Vinte anos após conseguir transformar em política pública a democratização da principal tecnologia social para armazenamento da água da chuva, a Articulação Semiárido Brasileiro (ASA) comemora o retorno do Programa Cisternas. Essa retomada teve como ponto de partida a homologação de um acordo extrajudicial entre o Ministério do Desenvolvimento e Assistência Social, Família e Combate à Fome (MDS) e a Associação Programa Um Milhão de Cisternas (AP1MC).
Com a decisão ratificada, em julho, pelo Tribunal Regional Federal da 5ª Região (TRF5), a AP1MC - Organização da sociedade civil de interesse público (Oscip) que representa a ASA - terá reajuste nos valores e extensão no prazo para cumprir o Plano de Trabalho aprovado ainda em 2019. A conciliação vai permitir a liberação de R$ 16 milhões para a construção de cisternas que beneficiarão 1.188 famílias e 216 escolas no Nordeste e em Minas Gerais.
“A consultoria jurídica do MDS, junto com a Procuradoria Regional da União conseguiu lograr um acordo que possibilita a AP1MC, parceiro histórico na construção de cisternas pelo Semiárido, voltar a participar dessa ação, com a segurança jurídica necessária, seguindo todos os procedimentos administrativos”, afirmou João Paulo Santos, consultor jurídico do MDS.
Assim, portanto, a ASA e o MDS encerram o desmonte que começou ainda no Governo Temer e foi concretizado na gestão Bolsonaro que, por meio do Ministério da Cidadania à época, praticamente paralisou o Programa Cisternas, aumentando a fome e a miséria no Semiárido.
Esse ataque à principal política pública de convivência com a seca obrigou a rede de organizações sociais a lançar a campanha "Tenho Sede” para que o direito à água pudesse ser minimamente garantido às famílias que vivem em situação de insegurança hídrica grave.

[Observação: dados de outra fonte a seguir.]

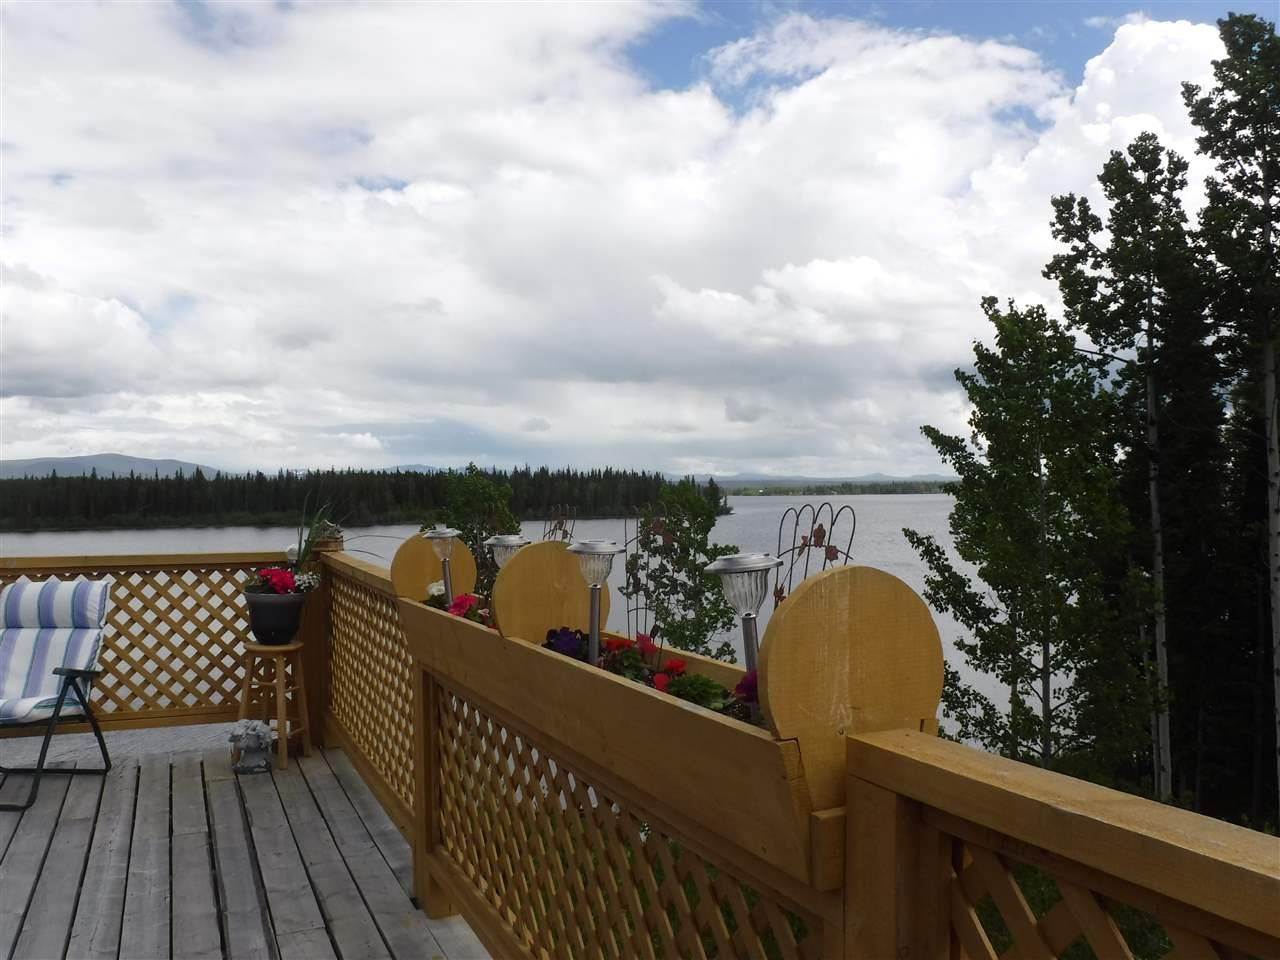 Photo 18: Photos: 3126 ELSEY Road in Williams Lake: Williams Lake - Rural West House for sale (Williams Lake (Zone 27))  : MLS®# R2467730

ENTENDA O CASO-Em 2019, o Ministério da Cidadania publicou o Chamamento Público Nº 11/2019 para o Programa Cisternas. Para impedir a atuação da AP1MC, responsável pela construção de mais da metade de todos os reservatórios desse tipo no Semiárido desde 2003, a pasta criou novas regras que inviabilizavam a participação da ASA.
Por força de uma decisão da Justiça Federal, a AP1MC conseguiu participar do certame e ficou em primeiro lugar nos três lotes. O ministério, seguindo as diretrizes do então presidente Jair Bolsonaro, que tinha como premissa a destruição das políticas públicas, tentou impedir o cumprimento do edital e passou a fazer novas manobras e impor burocracias.
De forma inédita, o Ministério da Cidadania proibiu que a mesma organização vencedora pudesse ser contratada em mais de um lote. Nesse sentido, para os outros dois lotes foram classificadas a Cáritas Brasileira e a Associação de Orientação às Cooperativas do Nordeste (Assocene). A AP1MC optou pelo Lote 01, no valor de R$ 50.070.212,38, que levaria 4.047 cisternas para os estados de Minas Gerais, Paraíba, Pernambuco, Rio Grande do Norte e Sergipe.
“O contrato foi assinado em dezembro de 2019, mas somente em 24 de março de 2021, 15 meses depois, foi repassado o valor da primeira parcela. Em períodos normais os valores já estariam defasados. Com a pandemia da Covid-19 no processo, esse quadro se agravou ainda mais”, denunciou a ASA em carta pública à sociedade divulgada no fim de 2021.
A inviabilidade financeira foi confirmada pela própria consultoria jurídica do Ministério da Cidadania, no entanto, o orçamento não foi ajustado e os valores permaneceram defasados. Assim, a pasta impediu a execução do Programa Cisternas, mesmo depois de inúmeras tentativas de diálogo.
As medidas tomadas pelo governo do ex-presidente Bolsonaro fizeram com que os dois últimos anos fossem os piores da história do Programa Cisternas, com apenas 4,3 mil cisternas entregues em 2021 e 5,9 mil em 2022.
EXPANSÃO-O Programa Cisternas começou a ser executado em 2003, inspirado no Programa de Formação e Mobilização Social para a Convivência com o Semiárido: Um Milhão de Cisternas, criado pela ASA, em 1999.
Responsável por mudar a paisagem e a condição sócio-econômica do Semiárido brasileiro, a política se expandiu para outras áreas e atualmente tem experiências em outros biomas, inclusive o Amazônico.
Em 20 anos, foram construídas mais de 1,14 milhão de cisternas em todo o país, sendo que até 2016 foram entregues mais de um milhão de unidades.